Copy only the lines between the one containing "OvationTix logo" and the end of the records, both included, leaving out pictures.

== Segment start ==

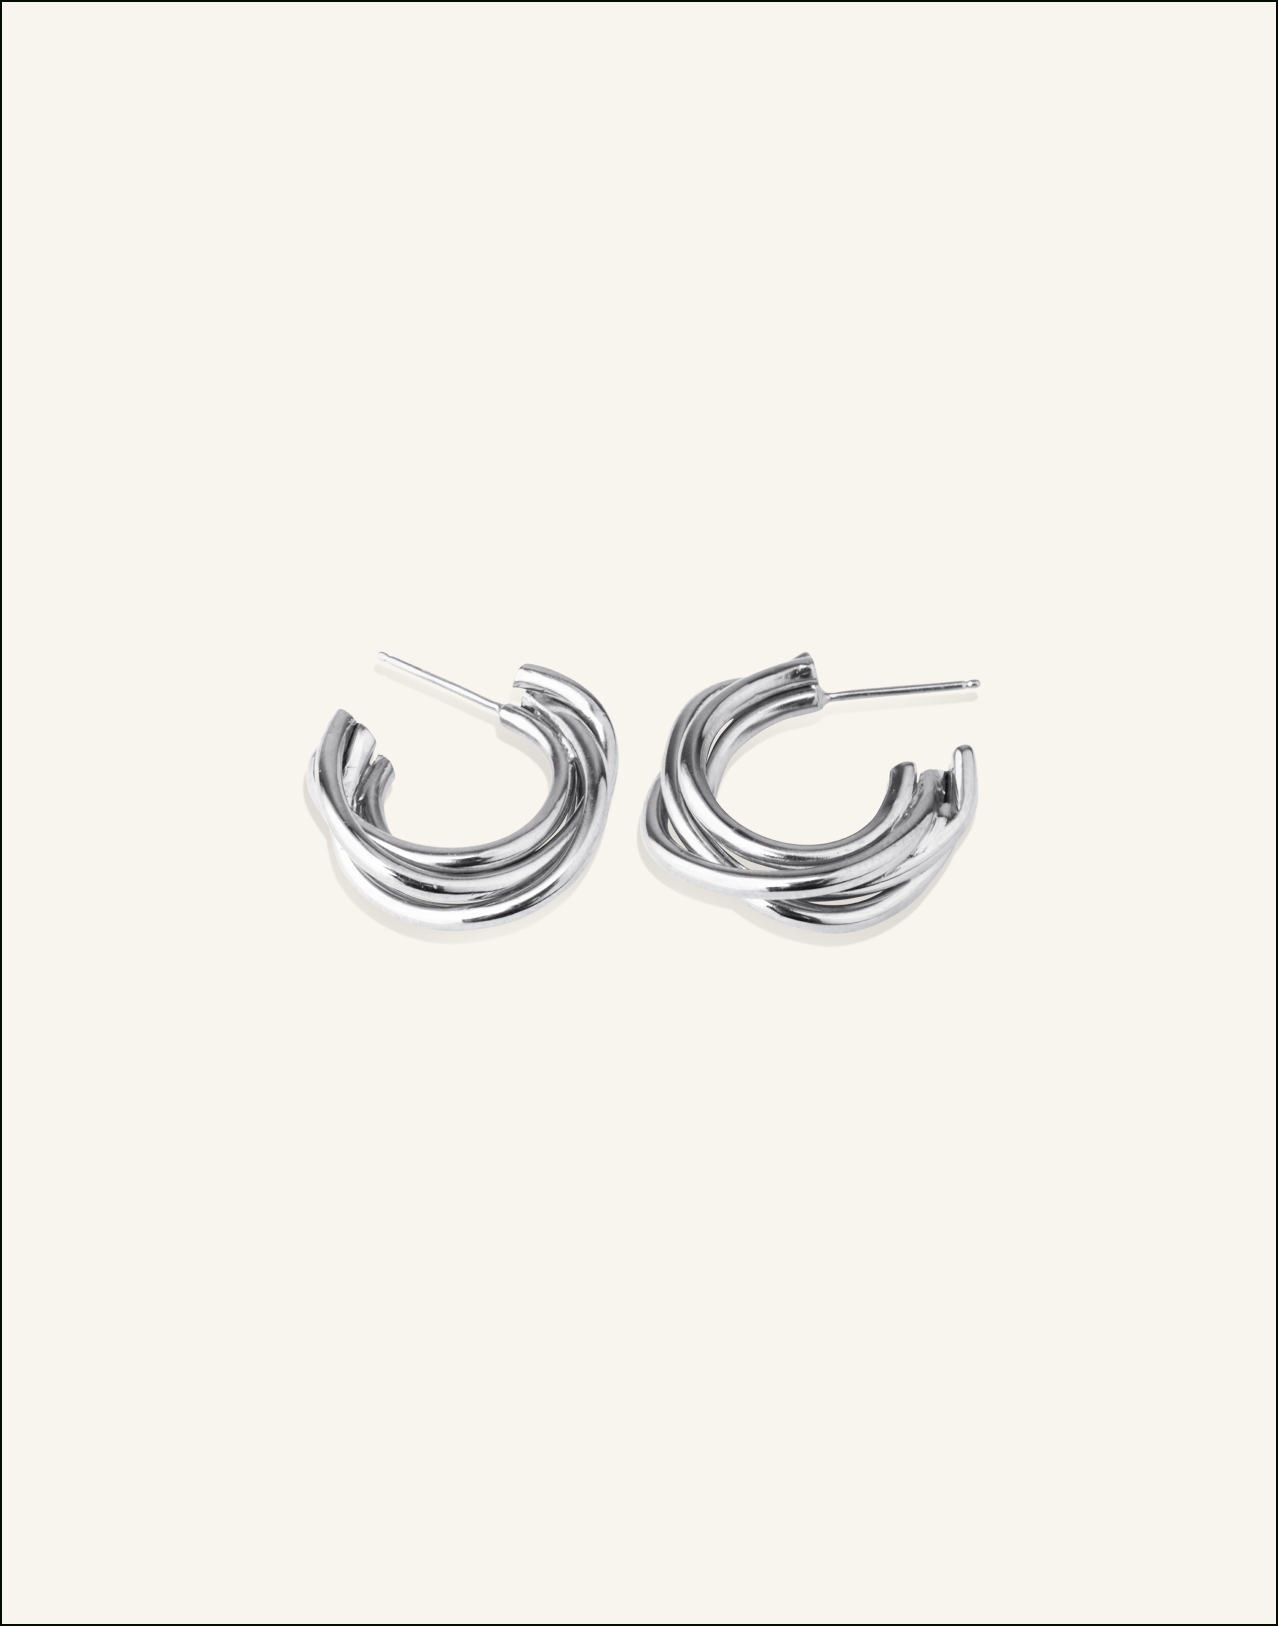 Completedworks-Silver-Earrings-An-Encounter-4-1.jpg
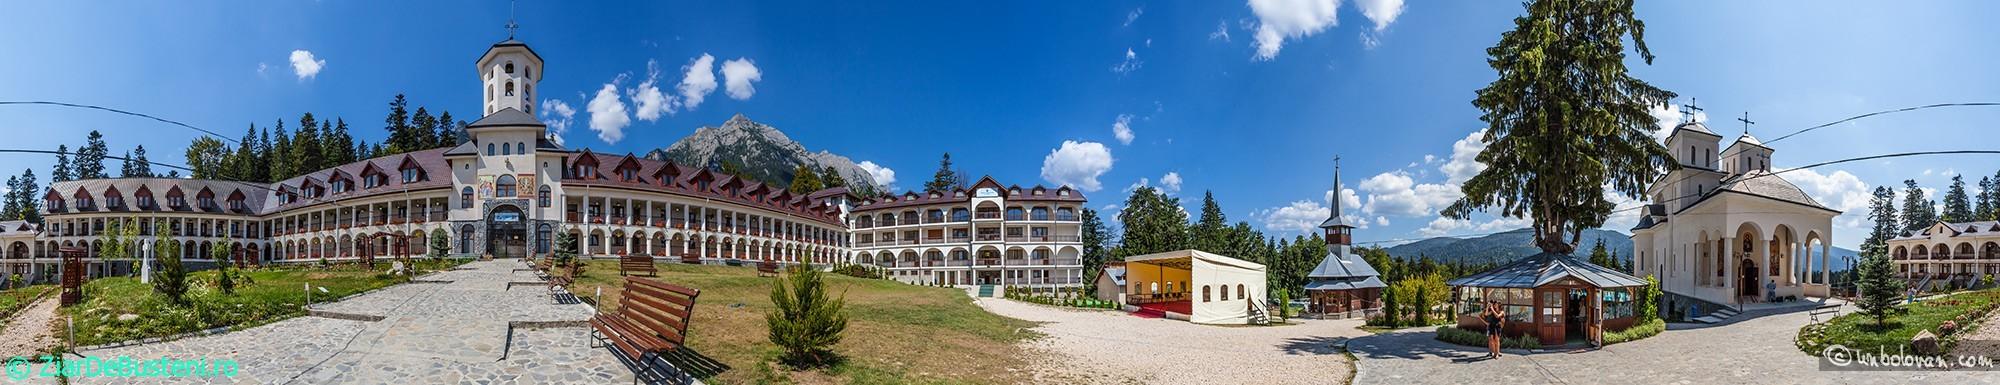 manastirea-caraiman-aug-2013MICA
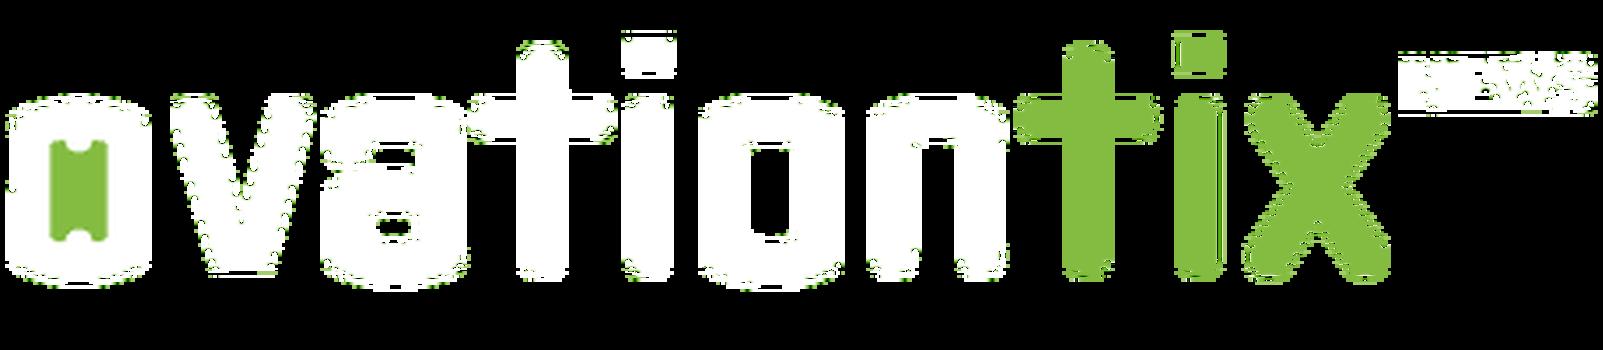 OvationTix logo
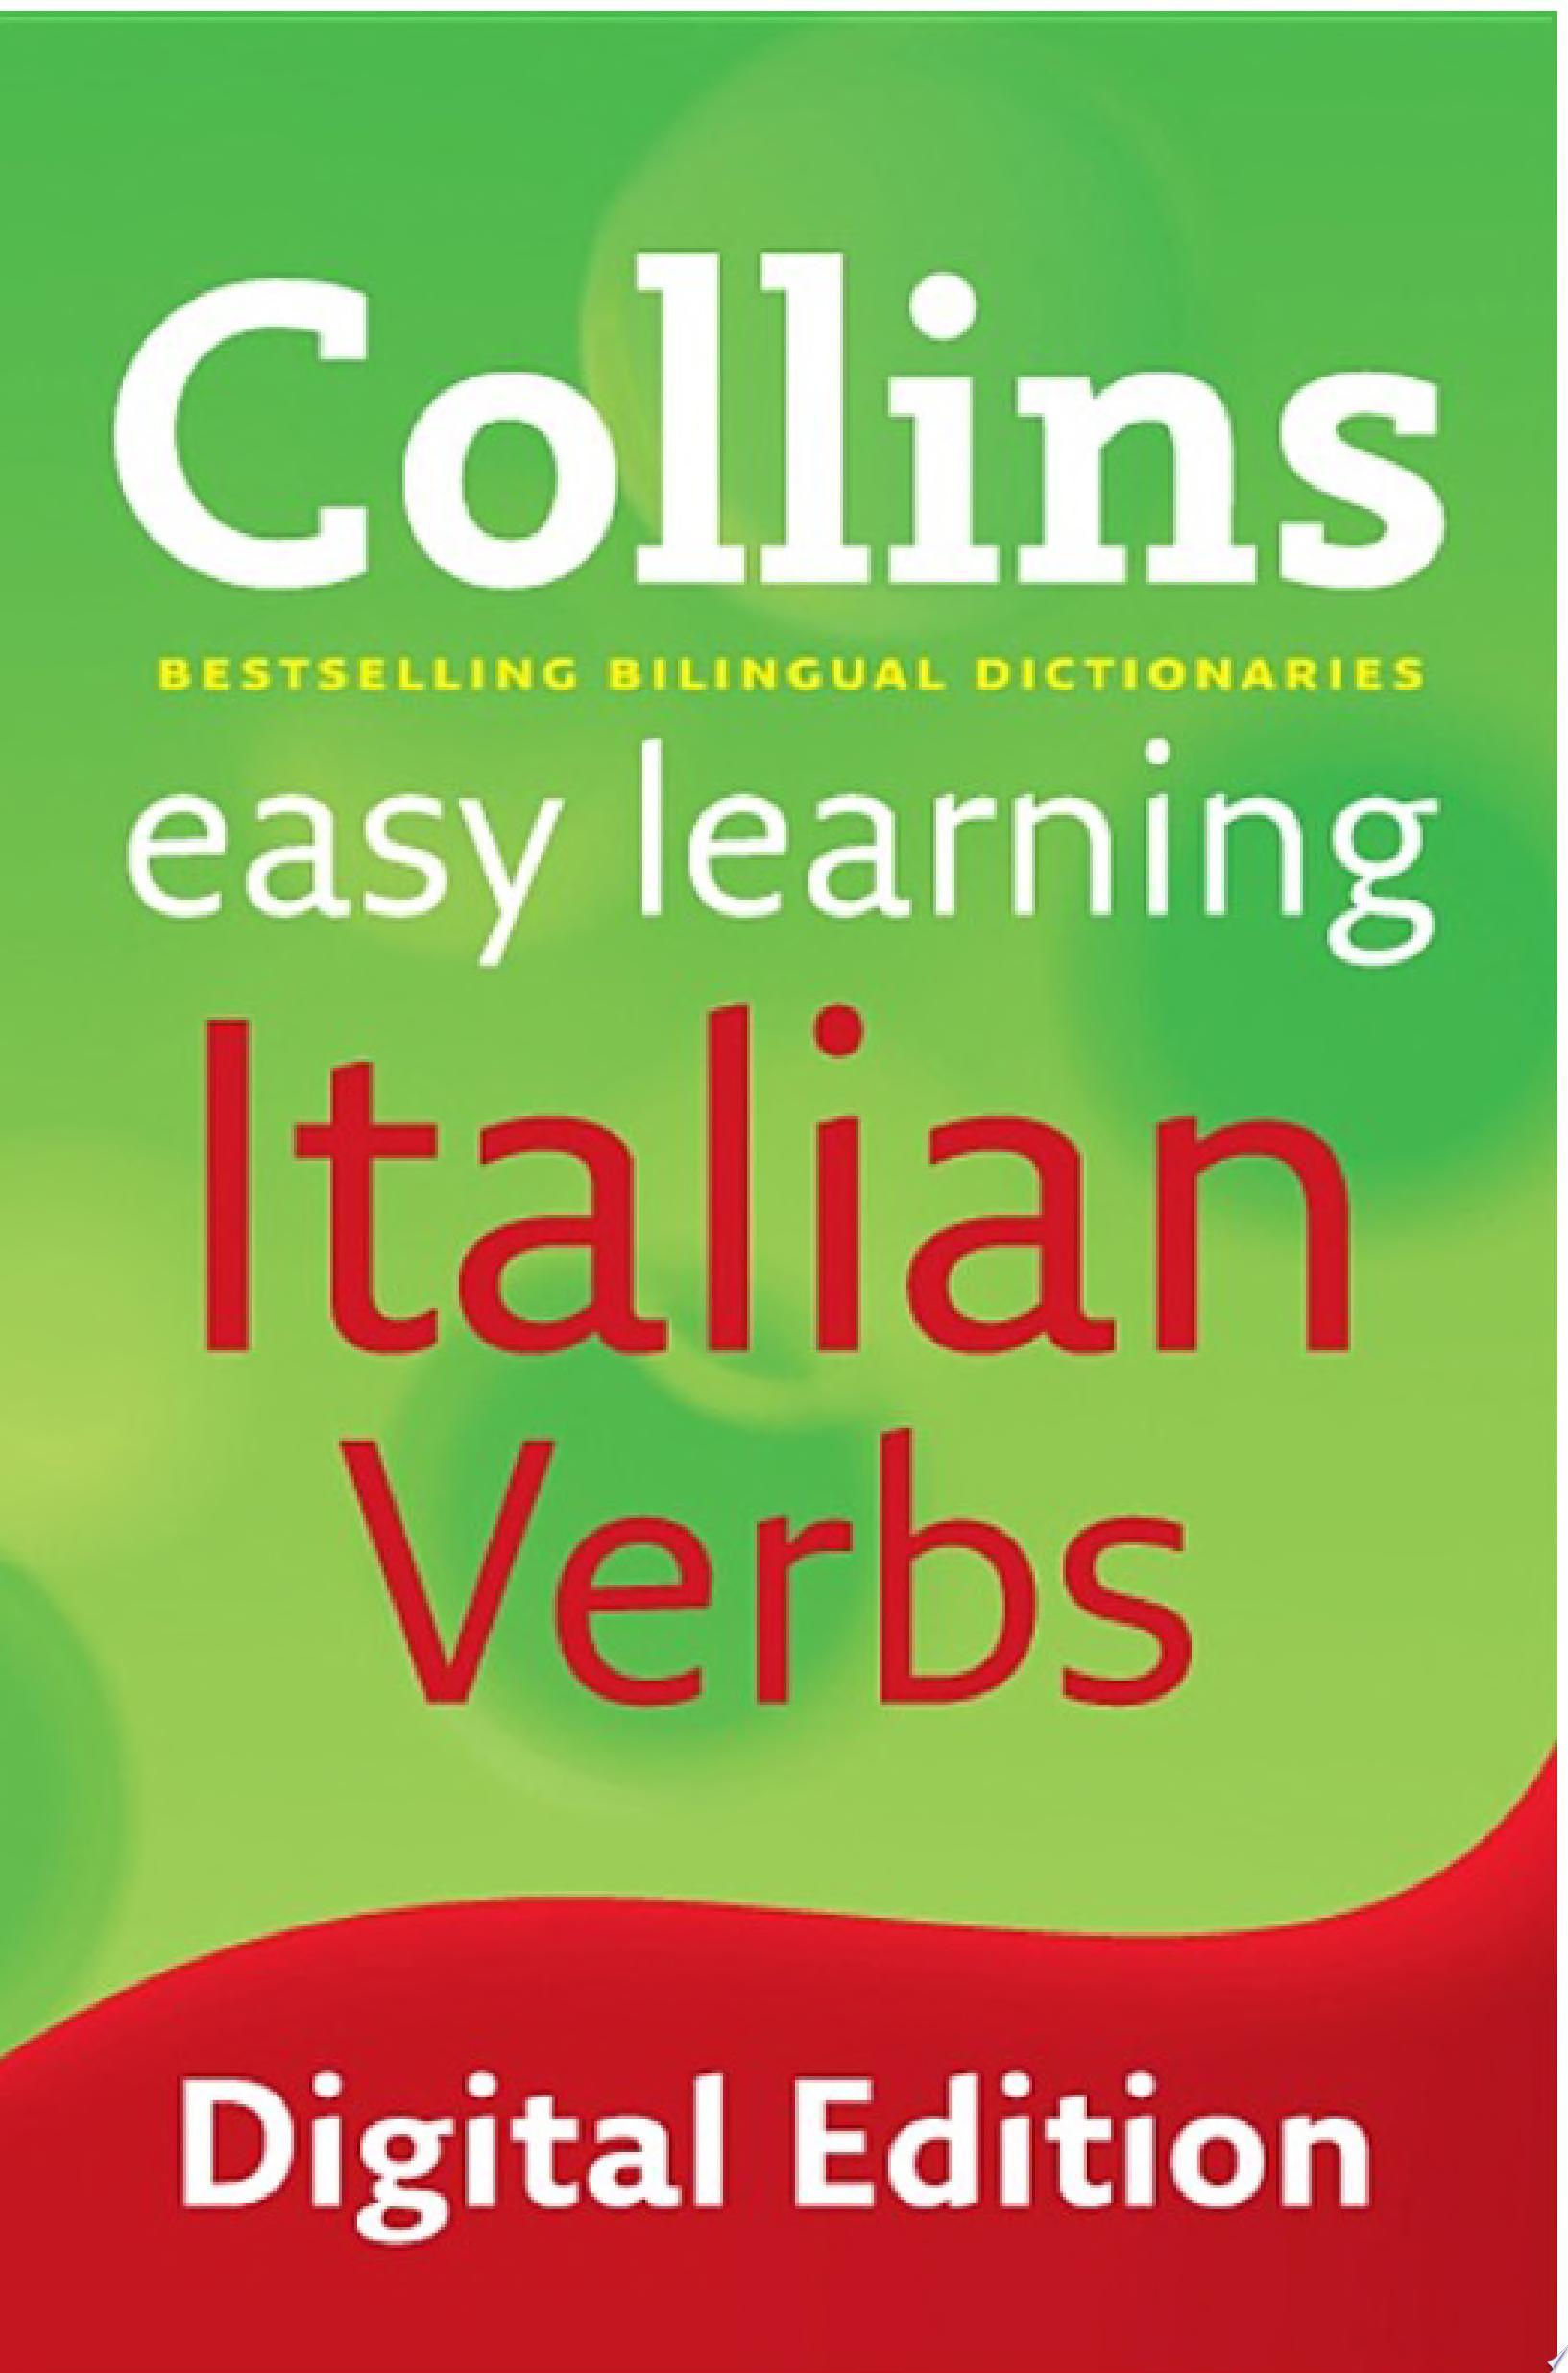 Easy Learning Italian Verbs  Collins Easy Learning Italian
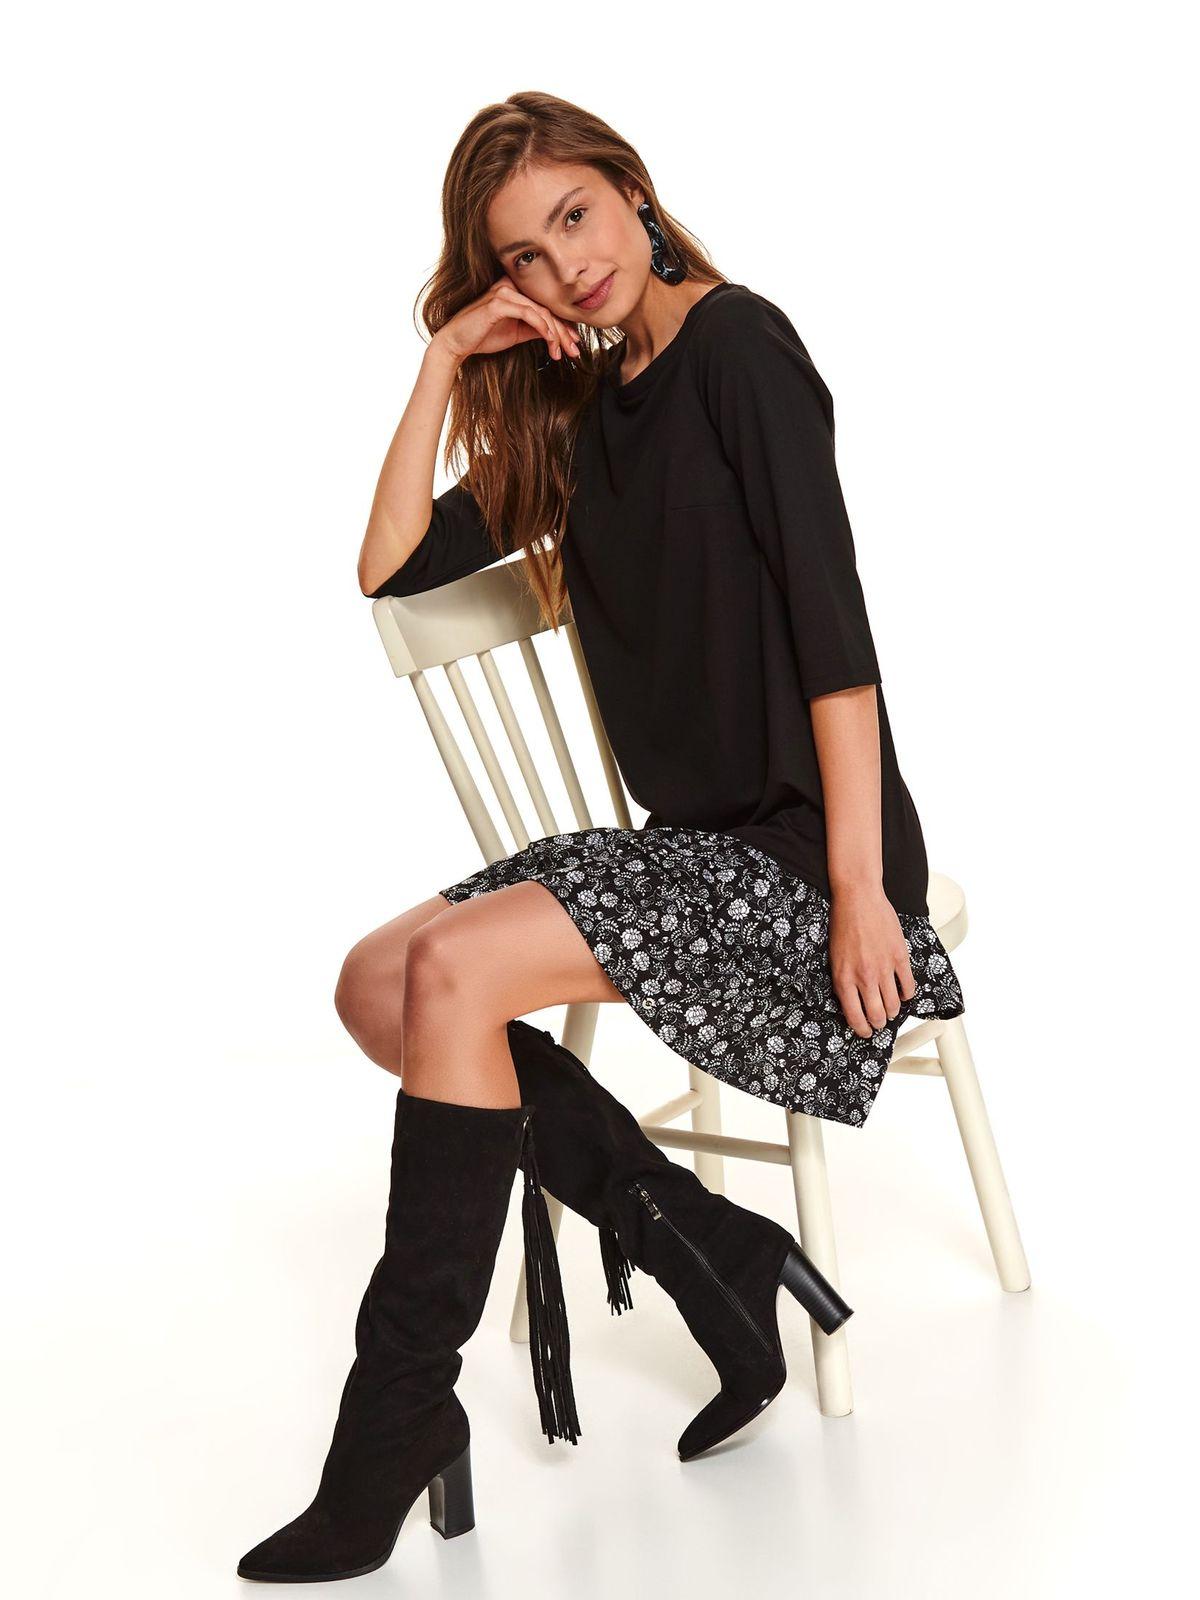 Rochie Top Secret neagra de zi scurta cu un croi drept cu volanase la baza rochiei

== Segment end ==

**Solution to this problem:**
 OvationTix logo
 Easy Learning Italian Verbs  Collins Easy Learning Italian
 Rochie Top Secret neagra de zi scurta cu un croi drept cu volanase la baza rochiei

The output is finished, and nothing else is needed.